In contrast, when the causal variant is rare, there is a noticeable drop in power for the tag SNP design versus the resequencing design, and the BFs, posterior probabilities, and effect size estimates under the two designs often differ substantially (unpublished data). This may seem slightly disappointing: one might have hoped that, even with tag SNPs chosen to capture common variants, they might also capture some rare variants. Indeed, this can happen: in some simulated data sets the rare causal variant was clearly identified by our approach, presumably because it was highly correlated with a particular haplotype background, and could thus be accurately predicted by tag SNPs. However, this occurred relatively rarely (just a few simulations out of 100).

We wondered whether a different tagging strategy, aimed at capturing rare variants, might improve performance when the causal variant is rare. The development of such strategies lies outside the scope of this paper, but, to assess potential gains that *might* be achieved, we analyzed rare-variant simulations assuming that all SNPs *except the causal variant* were typed in the cohort. Power from this approach (Figure 3) gives a conservative upper bound on what could be achieved using a more effective tagging design, without actually typing the causal variant. Although power was higher than with the *r*
^{2}-based tag SNP selection, it remained substantially lower than in the resequencing design, where the causal variant is typed.

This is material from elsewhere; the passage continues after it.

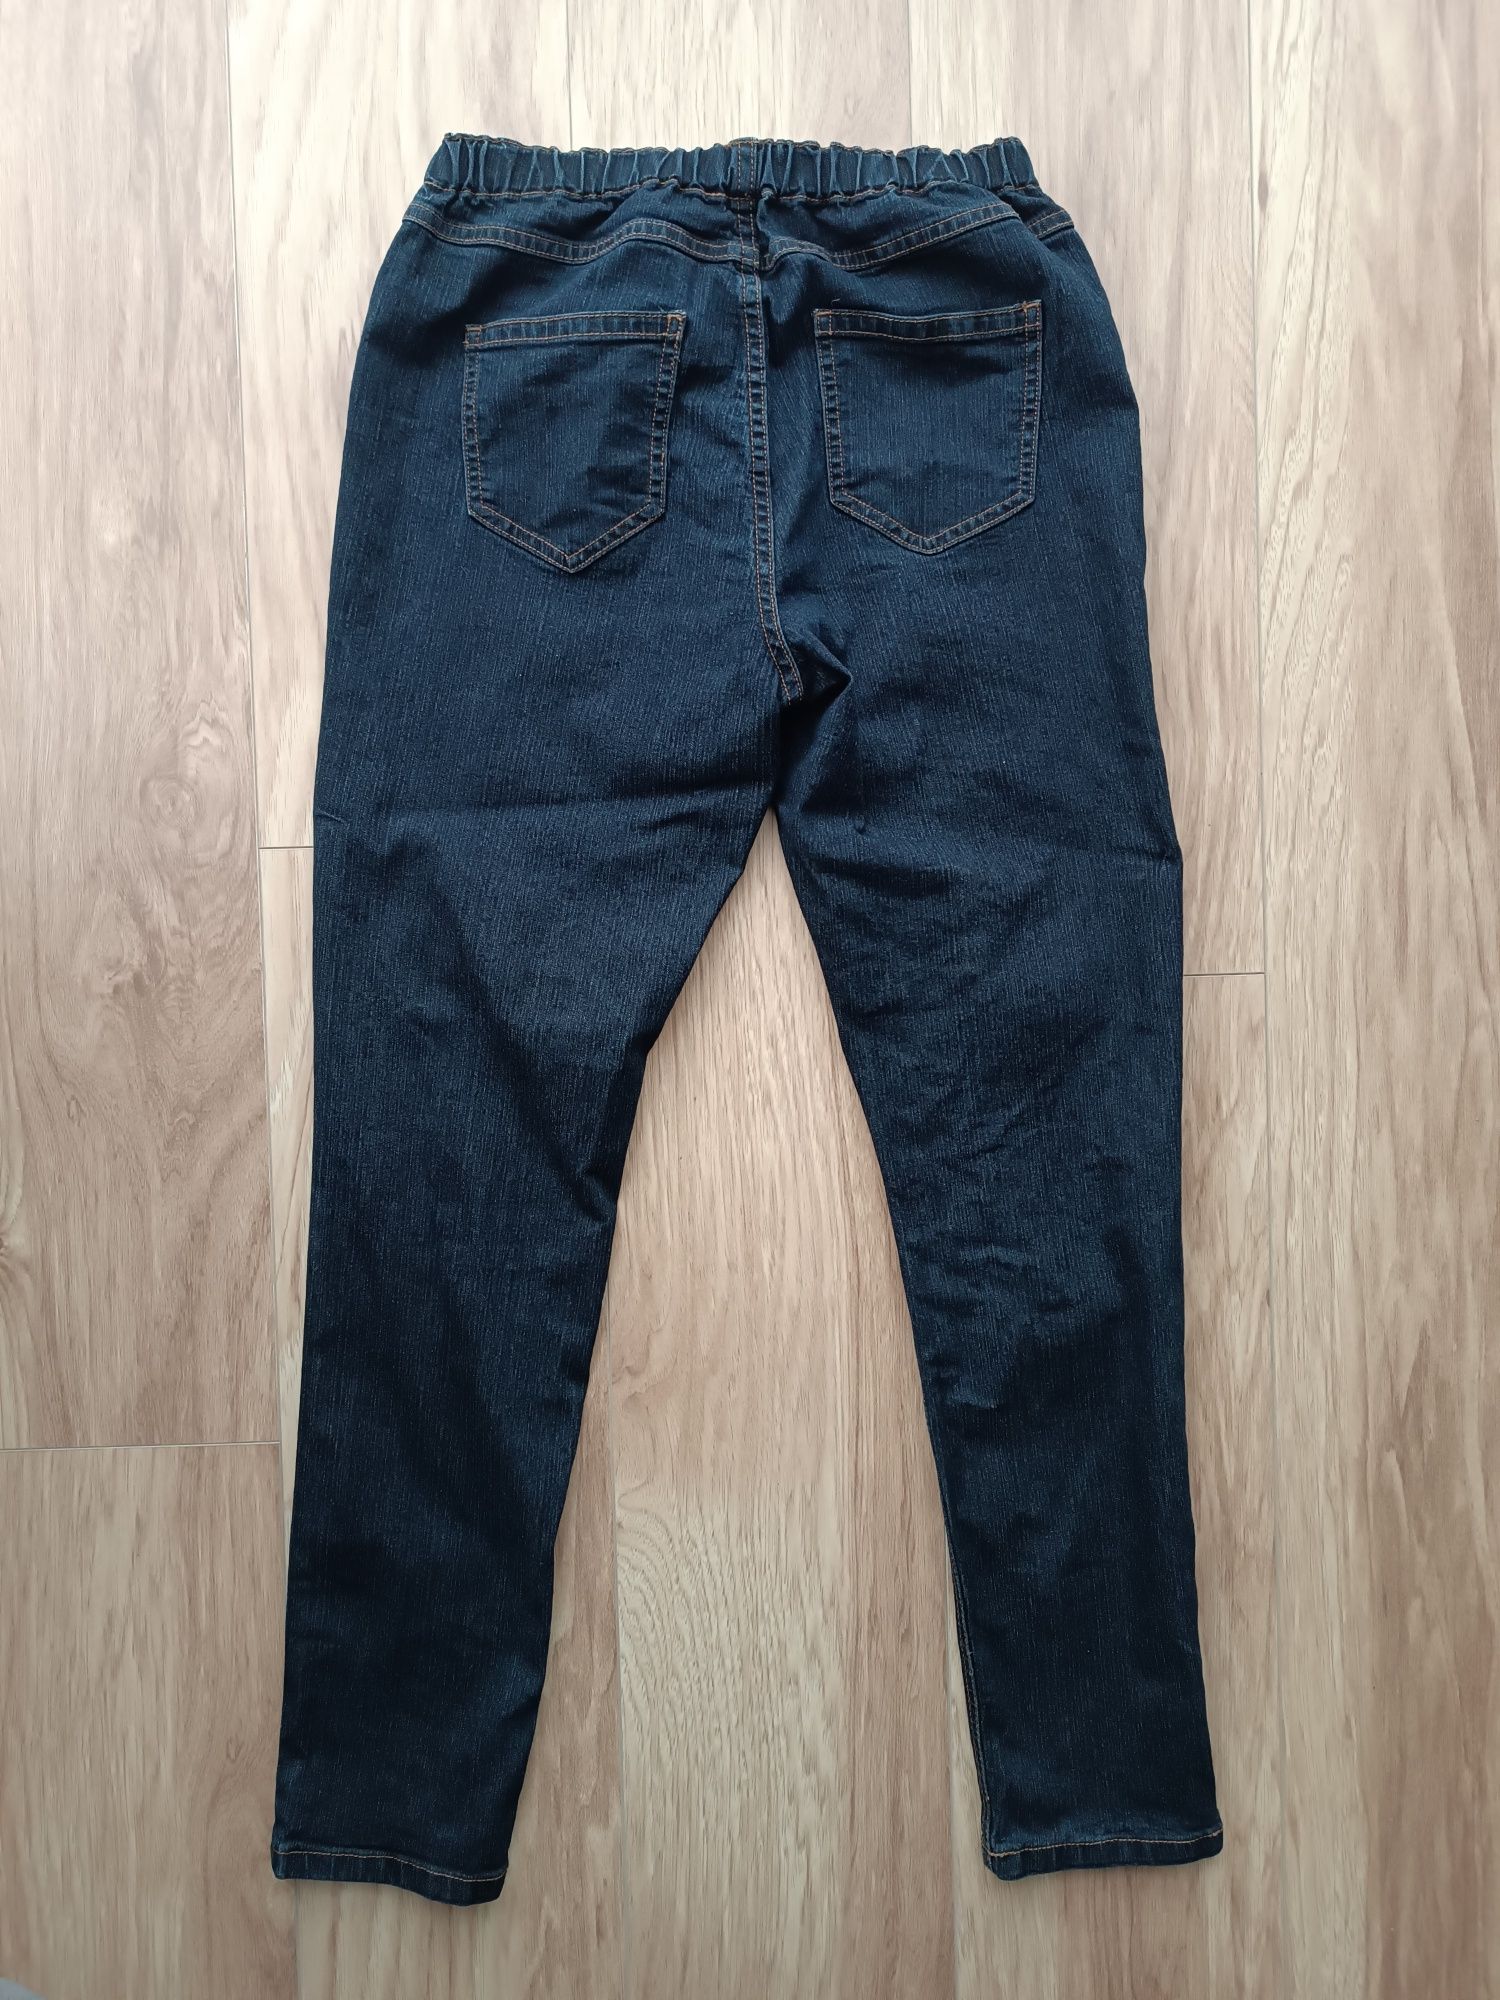 Granatowe długie spodnie jeansy jegginsy L 40

We also wondered whether a different approach to impute missing genotypes (in the cohort at non-tag SNPs) might improve performance. For results above, we used the software fastPHASE [5] to impute the genotypes, so we re-ran the analysis using a different imputation algorithm [10,11]. Results for these two approaches (Figure 4) show little difference in terms of power, consistent with previous results [5] suggesting the two approaches have similar accuracy in imputing missing genotypes.

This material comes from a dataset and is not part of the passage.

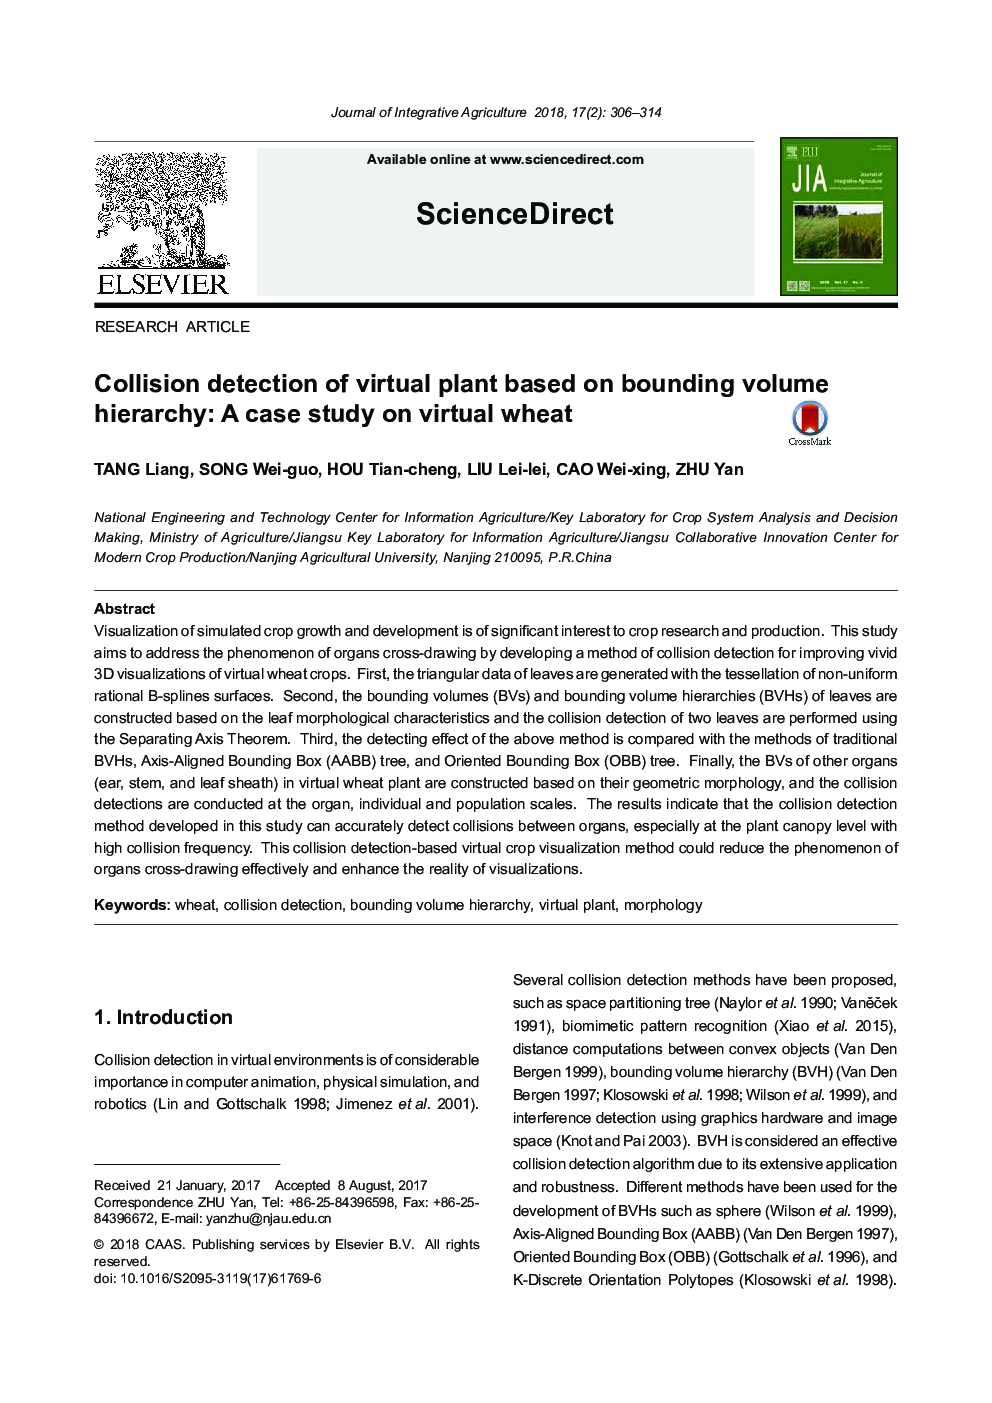 تشخیص برخورد گیاه مجازی بر اساس سلسله مراتب محدود: مطالعه موردی گندم

In summary, imputation-based methods appear to increase power of the tag SNP design to detect rare variants, but nevertheless remain notably less powerful than BFs based on the complete resequencing data.

Priors *D*
_{1} and *D*
_{2} differ in their assumed correlation between the dominance effect (*d = ak*) and main effect *a*: in *D*
_{1} the prior probability of overdominance is independent of *a*, whereas under *D*
_{2} overdominance is more likely for small *a* than for large *a* (Figure 5). In this respect, *D*
_{1} is perhaps more sensible than *D*
_{2}; however, *D*
_{2} is computationally much simpler. To examine the effects of these priors on inference, we compared (i) the BF and (ii) the posterior probability assigned to the actual causal variant under each prior for the datasets from Scenarios (A) and (B). Results agreed quite closely (Figure 6), suggesting prior *D*
_{2} provides a reasonable approximation to prior *D*
_{1} in the scenarios considered. This is important, since prior *D*
_{2} is computationally practical for computing BFs for very large datasets (e.g., genome-wide association studies with hundreds of thousands of SNPs), for which sampling posterior distributions of parameters using an MCMC scheme would be computationally daunting.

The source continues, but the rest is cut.